Just ideas for discussion . . .

Starting with the basics, if we have the two most basic market regimes, i) momentum/trending vs. ii) rangebound/mean-reverting, you would have to predict whether the given market will be one or the other during the planned time in which you will run the system. Then, you apply the appropriate system to the market. If you predict the regime correctly, you will reduce heavy drawdowns that occur when the system runs during anti-ideal conditions. Reducing drawdowns is the goal. If done correctly, you would also avoid limiting big gains—i.e., maximize upside equity-curve potential while simultaneously reducing downside potential (smoothing without limiting). Typically, reducing heavy drawdowns necessarily also means reducing the upside potential to some extent. However, here, we are offloading the need for robustness, taking it out of the system and putting it on the trader’s discretionary shoulders—which, like leverage, is always a double-edged sword.

Using such a simplistic regime structure such as trending vs. mean-reverting will more likely lead to more loss stemming from the trader’s incorrect prediction than would be mitigated from this whole approach. Other market-regime viewpoints (micro-structure philosophies) may be more fruitful but entail exponentially greater effort to get established.
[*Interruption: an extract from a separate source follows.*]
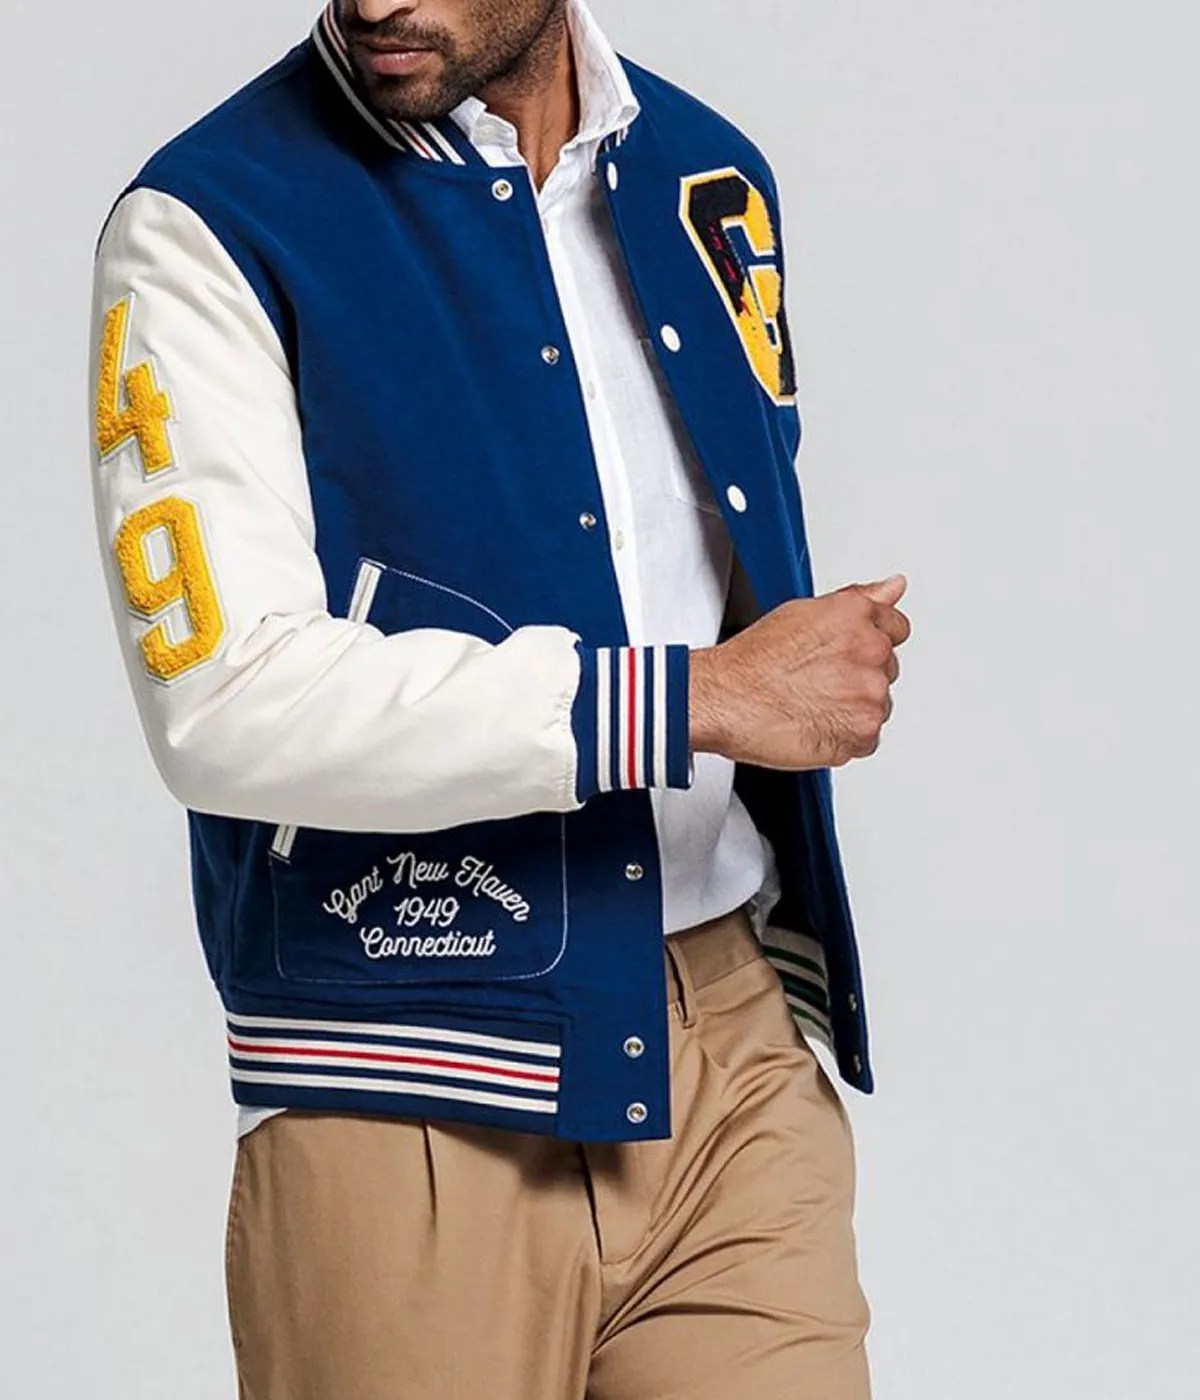 gant-the-gant-spring-letterman-jacket
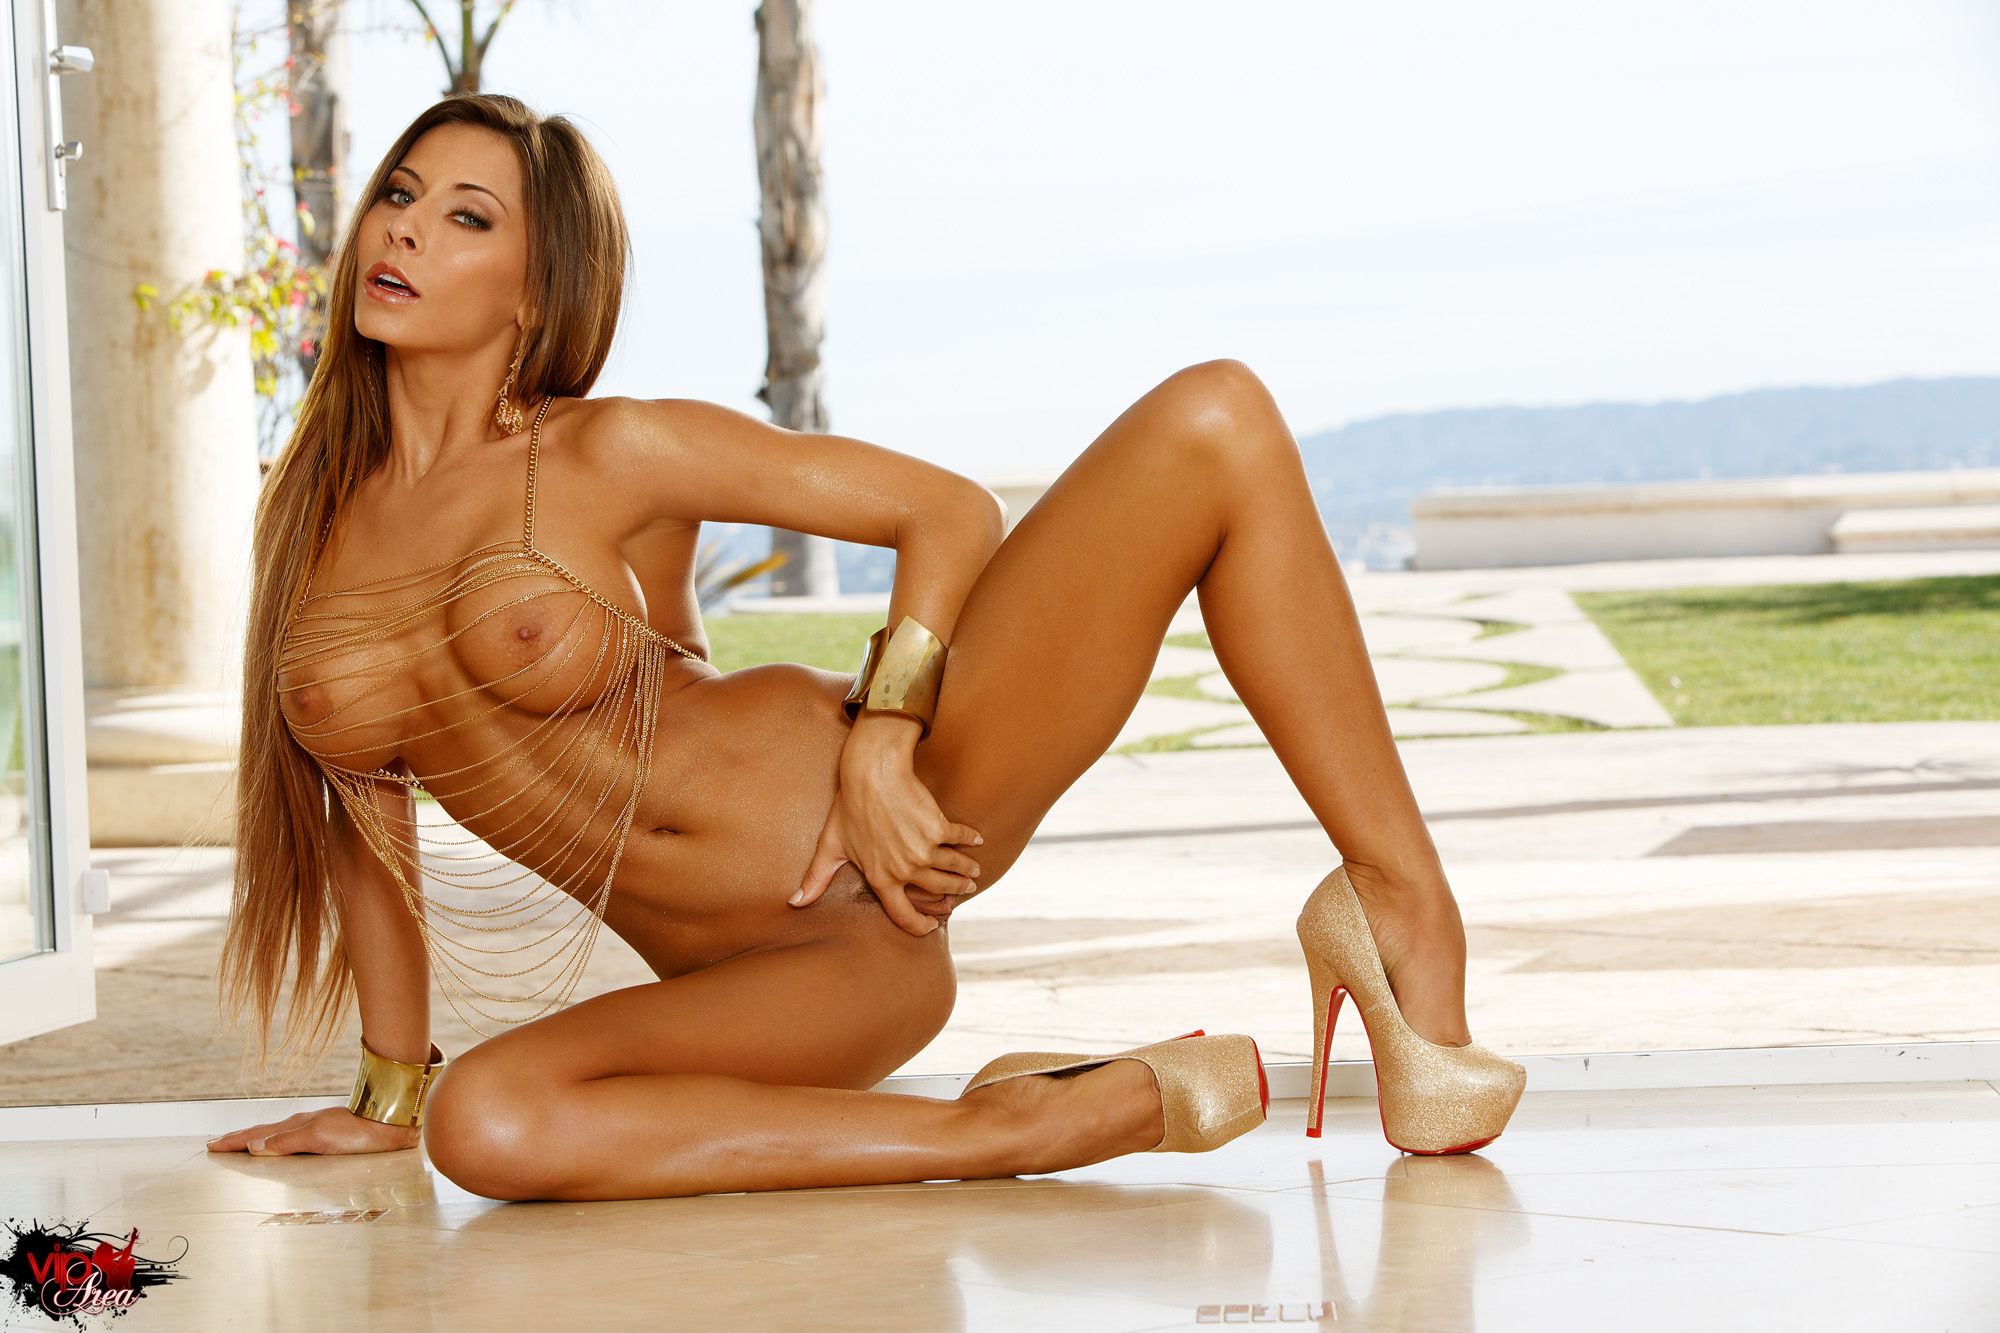 Kelly Madison Pics  Babes and Pornstars

Before I go further, let me digress and say that we need to know how to measure performance. There are two independent performance measures, and any given daily loss must be attributed to one or the other root cause. The two measures are: i) whether the regime was correctly predicted and ii) whether the system performed as expected over the regime that actually occurred. Losses on individual trades are a part of a correct system correctly running in the correct regime, but a particular day should (generally) not end in a net loss if the correct system runs correctly on the correct regime and there is no sort of unexpected news event. The more you tailor a system to one particular regime, the better it will perform in its ideal regime and the worse it will perform outside its ideal regime. Therefore, either a) the trader is fault for incorrectly predicting the regime, b) the system is at fault for failing to perform in its ideal regime, or c) the correct regime was predicted but some outside impetus caused the regime to change or otherwise act improperly. This is where discretion (and cognitive biases) can really bite you. Not only is the development of the system (as an entire whole) subject to cognitive bias, but the execution (or application) of the system is subject to cognitive bias and the resulting performance metrics can be recorded and interpreted subject to cognitive bias.

One other digression on a defense mechanism to remember, the system should programmatically read the current regime and switch itself off if the ideal regime does not present itself. This would be a backup to supplant the trader’s discretion but the whole point of this approach is to avoid the need for programmatically reading regimes and the inherent lag associate with doing that. The backup should not deploy itself on its own unless the trader is not actively watching over the systems.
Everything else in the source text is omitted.